Zeichnung: Peter Strasser

Morgengrauen

Mikropolitik: Jetzt, hier, amen!

Gastkommentar / von Peter Strasser / 11.02.2016

Während ich gutgelaunt den Filter in die Kaffeemaschine setze und mit einem Löffel munter Kaffee in den Filter schaufle, bricht hinter mir im Radio gerade die Börse zusammen. Es geht nach unten, es gibt kein Halten mehr, das muss mich etwas angehen!

Denn der Sprecher sagt, dass das – das! – uns alle etwas angehe, weil es uns alle in den Untergang reißen könnte. Wir hängen da irgendwie alle zusammen. Wenn ich also will, dass das Wasser in meiner Kaffeemaschine weiterhin durch den Filter läuft, dann muss es mich interessieren, dass gerade wieder einmal die Börse zusammenbricht, ja, die Börsen rund um den Globus, die alle irgendwie zusammenhängen.

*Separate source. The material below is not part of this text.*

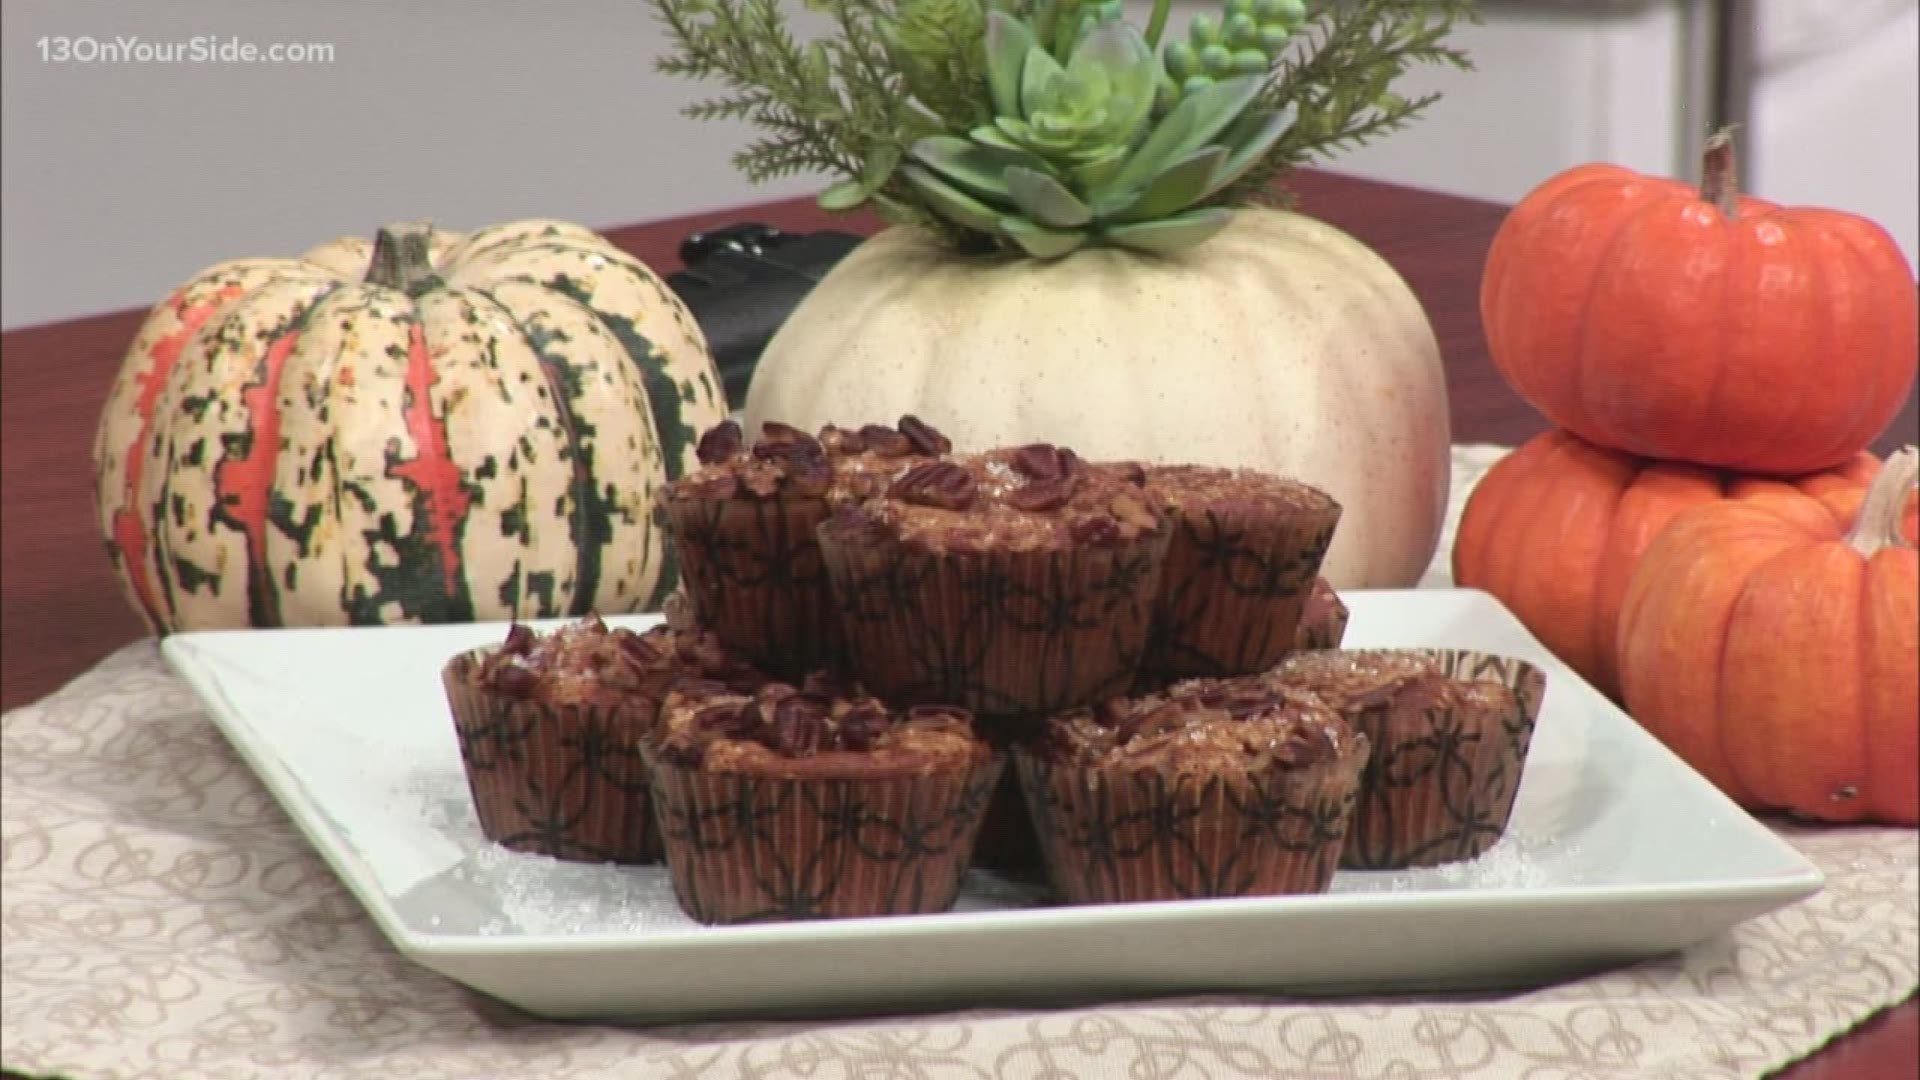 Pumpkin is a staple of fall and can be used in so many different ways. The ingredient is also quite healthy.

Gleich wird meine Frau aus dem Badezimmer kommen und sich zum Frühstückstisch setzen, und dann soll es duftenden Filterkaffee geben und knusprige Brötchen. Also muss ich mich dafür interessieren, dass die Börsenwelt zusammenbricht, aber es interessiert mich nicht. Denn es geht mich nichts an.

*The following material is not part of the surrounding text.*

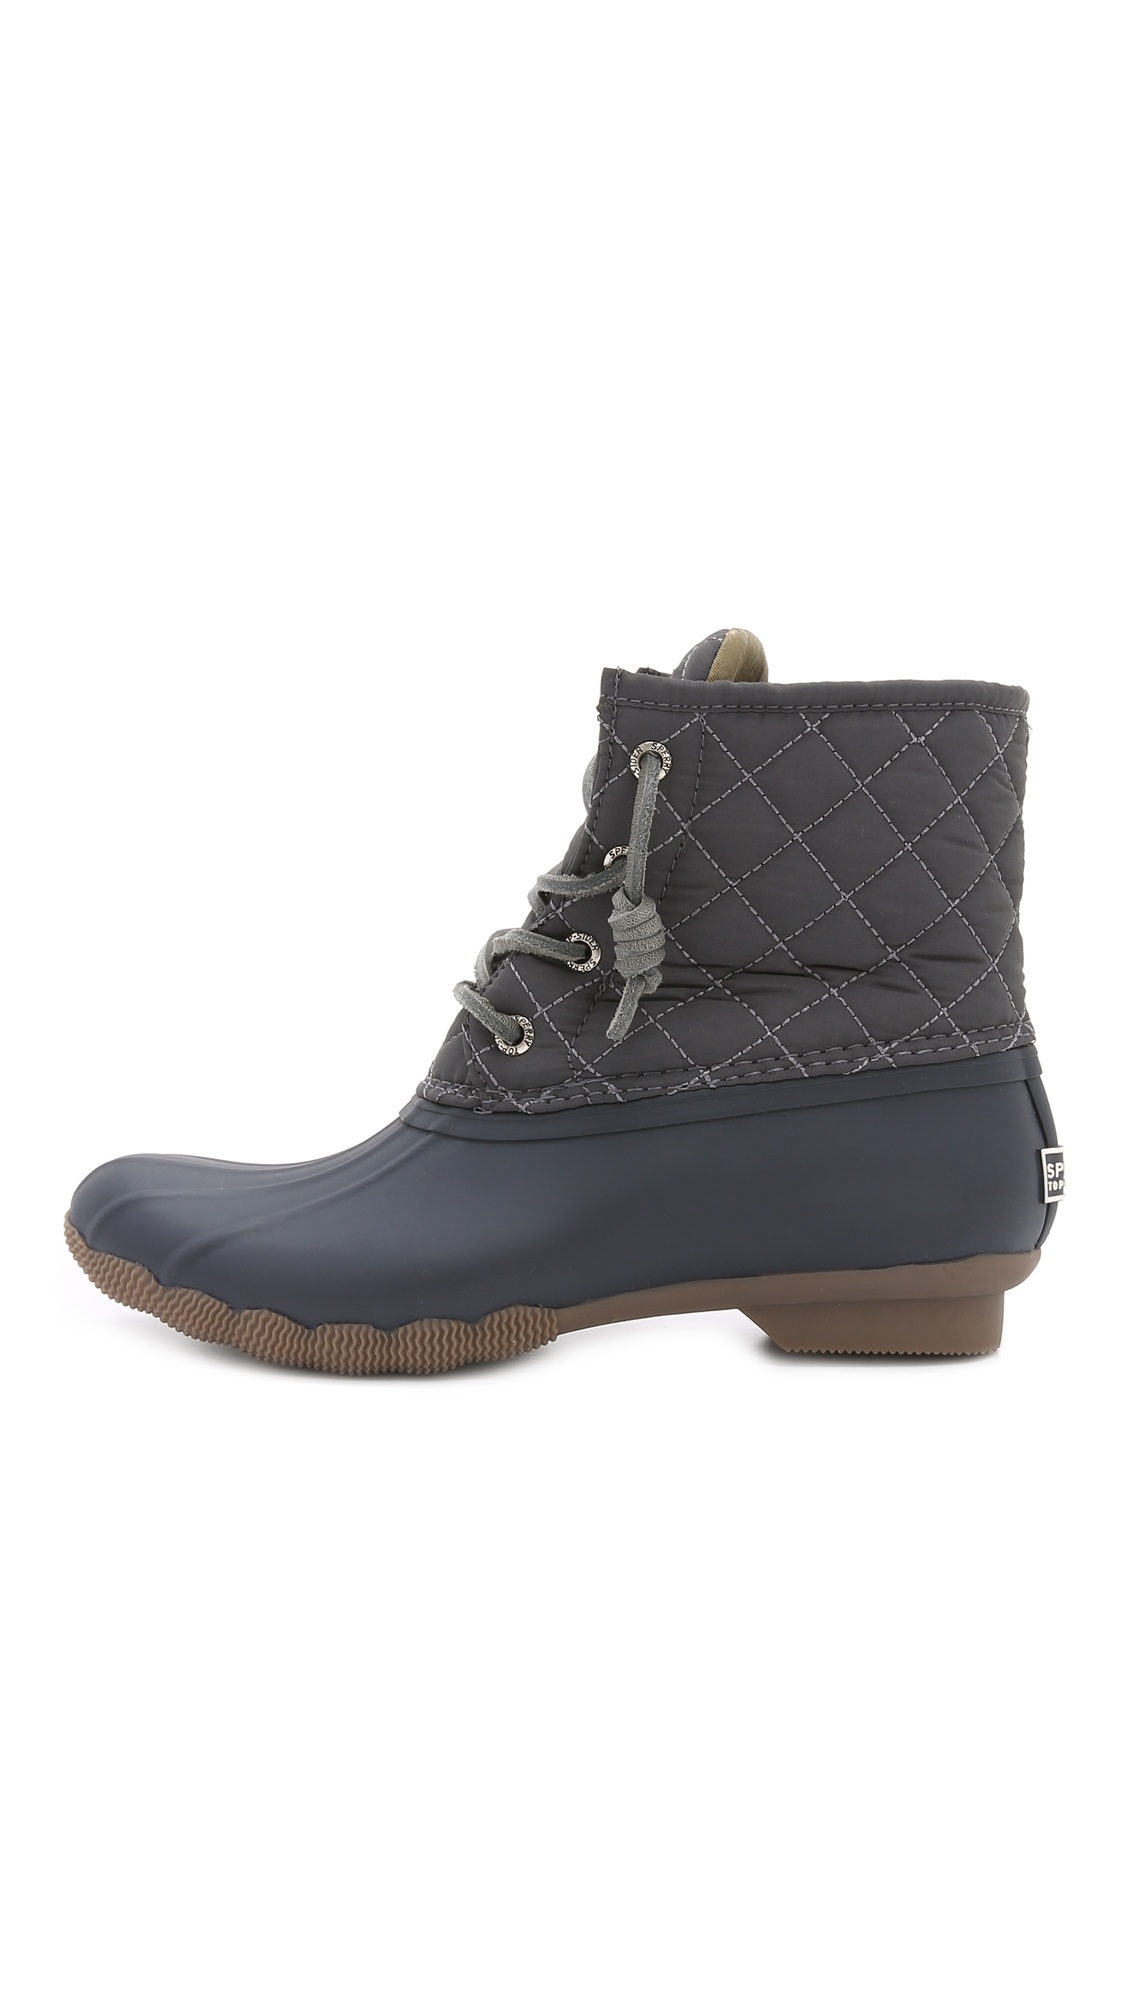 Lyst - Sperry Top-Sider Saltwater Quilted Water-Resistant Boots in Blue

Und das ist die Wahrheit, meine Wahrheit dieses Morgens, den ich friedlich beim Frühstück zusammen mit meiner Frau verbringen möchte. Radio aus! Brötchen aufbacken, einige Blicke hin zu meinen hellauf blühenden Orchideen, so, „als ob nichts wäre“: In den 1980ern hätte man, glaube ich, meine kleine häusliche Subversion, den globalen Tumult betreffend, „Mikropolitik“ genannt.

Mir soll’s recht sein. Noch ein cleveres Wort dafür, dass ich nichts tun kann gegen den morgendlichen Weltuntergang, außer passioniert Frühstück zu machen. Jetzt, hier, amen!

 

Peter Strasser ist Professor für Rechtsphilosophie in Graz. Wie die meisten von uns steht er jeden Morgen auf. Anders als die meisten von uns schreibt er im und beschreibt er das Morgengrauen. Bücher schreibt er auch. Zum Beispiel: „Was ist Glück? Über das Gefühl lebendig zu sein“ und ganz aktuell „Die Welt als Schöpfung betrachtet. Eine stille Subversion“, beide im Wilhelm Fink Verlag erschienen.